AASL Standard 2

Planning For Instruction

Candidates in school librarian preparation programs collaborate with the learning community to strategically plan, deliver, and assess instruction. Candidates design culturally responsive learning experiences using a variety of instructional strategies and assessments that measure ALA/AASL/CAEP School Librarian Preparation Standards (2019) - 9 the impact on student learning. Candidates guide learners to reflect on their learning growth and their ethical use of information. Candidates use data and information to reflect on and revise the effectiveness of their instruction.

2.1 Planning for Instruction: Candidates collaborate with members of the learning community to design developmentally and culturally responsive resource-based learning experiences that integrate inquiry, innovation, and exploration and provide equitable, efficient, and ethical information access.

2.2 Instructional Strategies: Candidates use a variety of instructional strategies and technologies to ensure that learners have multiple opportunities to inquire, include, collaborate, curate, explore, and engage in their learning.

2.3 Ethical Use of Information: Candidates teach learners to evaluate information for accuracy, bias, validity, relevance, and cultural context. Learners demonstrate ethical use of information and technology in the creation of new knowledge.

2.4 Assessment: Candidates use multiple methods of assessment to engage learners in their own growth. Candidates, in collaboration with instructional partners, revise their instruction to address areas in which learners need to develop understanding.


How it Aligns

The unit plan aligns because it requires an interview and collaboration with a classroom teacher. The lesson takes into account diverse learners and is differentiated based on their learning needs. It is also an inquiry-based experience, includes a makerspace activity, includes formative assessments and allows for student reflection and self-assessment.

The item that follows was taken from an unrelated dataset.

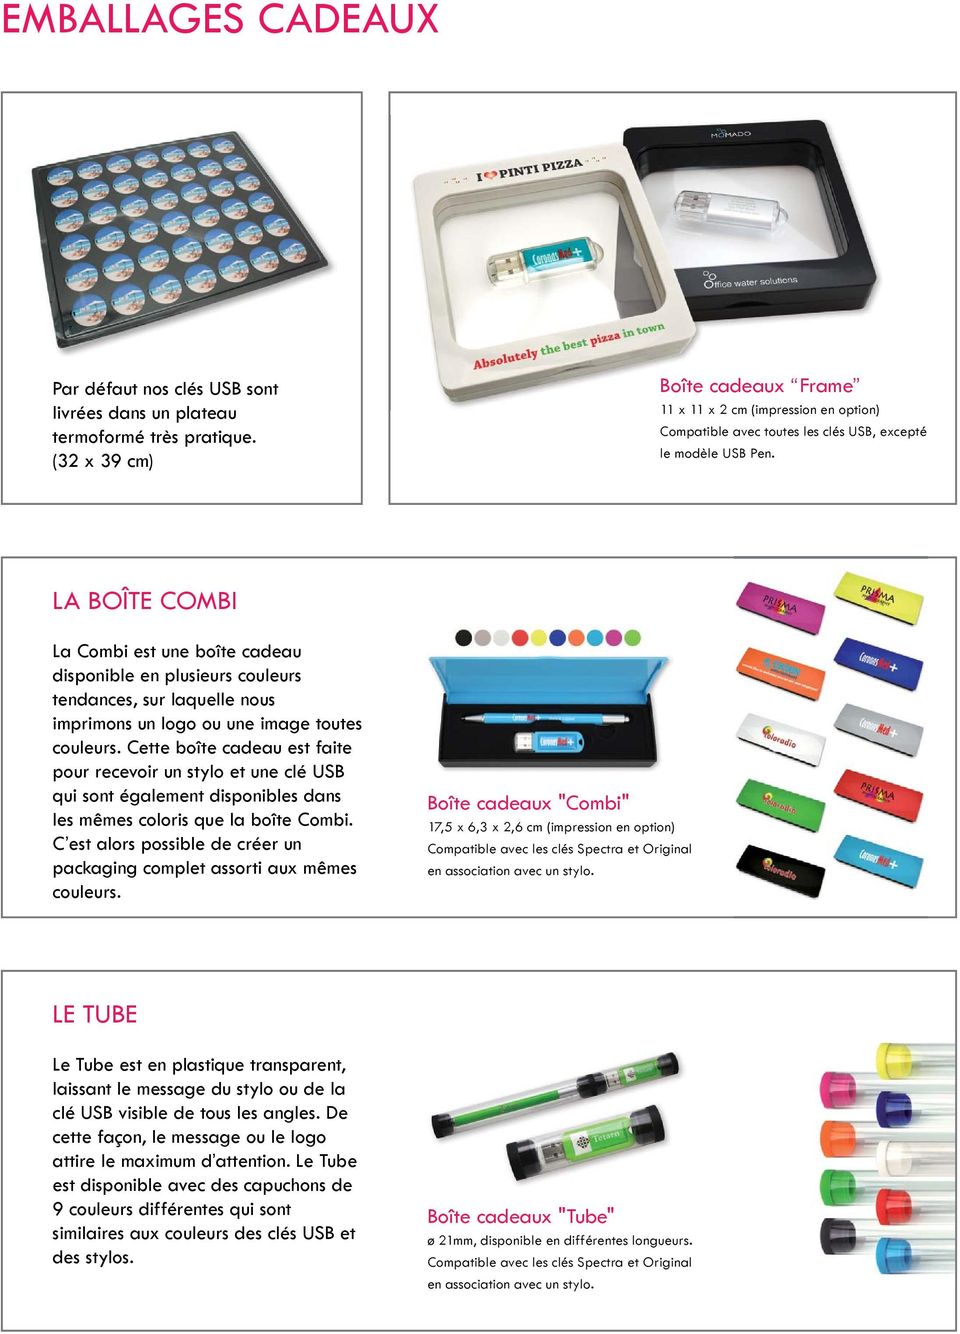 LA BOÎTE COMBI La Combi est une boîte cadeau disponible en plusieurs couleurs tendances, sur laquelle nous imprimons un logo ou une image toutes couleurs.

This lesson plan aligns because it requires collaborative planning and execution of a lesson based in inquiry. The unit and lesson plan included assessments and multiple instructional strategies that allowed students to engage in their learning as well as using technology and research information ethically to access new knowledge.

What I learned

This unit was the first I had written in close to 15 years. I underestimated how far away from actual lesson planning I had gotten in my role as a classroom teacher. This was a great experience that made me realize how important taking time to plan truly is.


The lesson plan was one that had to be revised and reformed which helped me to focus on what the important parts of planning a lesson truly are. The inquiry lesson is something that I had never fully researched and understood. I enjoyed taking this lesson, one I may have used as is in the past, and making it more thought provoking and allowing the students to be more active as learners in the plan. Beginning at the end, with what I wanted the students to learn was an important component in both the unit and lesson plan that I now understand is a crucial piece when designing a lesson.

Student Impact

"There is strong evidence to show that inquiry based, collaborative approaches to learning benefit both individual and collective knowledge growth. Students engaged in inquiry-based learning develop content knowledge and learn increasingly important twenty-first century skills, such as the ability to work in teams, solve complex problems, and to apply knowledge gained through the lesson to other circumstances." (Barron pg. 12) By using the inquiry approach in the media center, in collaboration with teachers, we will better be able to guide students in not only learning the standards, but also help them in becoming better at reflecting and expanding on their knowledge. By working together, the library is no longer an isolated entity and the librarian becomes part of the student's educational journey and not just the person who guards the books.

Another impact in switching the narrative to backwards design, which is oft employed in Inquiry Based lessons, is starting at the end instead of the beginning. What does this mean? Well, traditionally teachers start with the materials, texts and activities that they will use, instead of beginning with the standards and goals they are trying to teach. Wiggins and McTighe suppose that one should "start with the end- the desired results" and then build from there. (Wiggins & McTighe, 2005) We should ask questions about how we will master the standards, what lessons or activities will get the students to where we need them be. After we know what we want the students to learn, then we think about how we will assess them, what evidence will we need to show that the student has achieved the desired results. From there we can begin to plan the instruction and the essential questions that are important for the student to be able to answer as the unit or lesson progresses.

References

Arnone, M. P., Small, R. V., Stripling, B. K., & Berger, P. (2011). Teaching for Inquiry: Engaging the Learner Within. Neal-Schuman Publishers.

Barron, B., Darling-Hammond, L., & George Lucas Educational Foundation. (2008). Teaching for Meaningful Learning. ERIC Clearinghouse.

Wiggins, G., & McTighe, J. (2005). Understanding By Design (2nd Expanded ed.). Assn. for Supervision & Curriculum Development.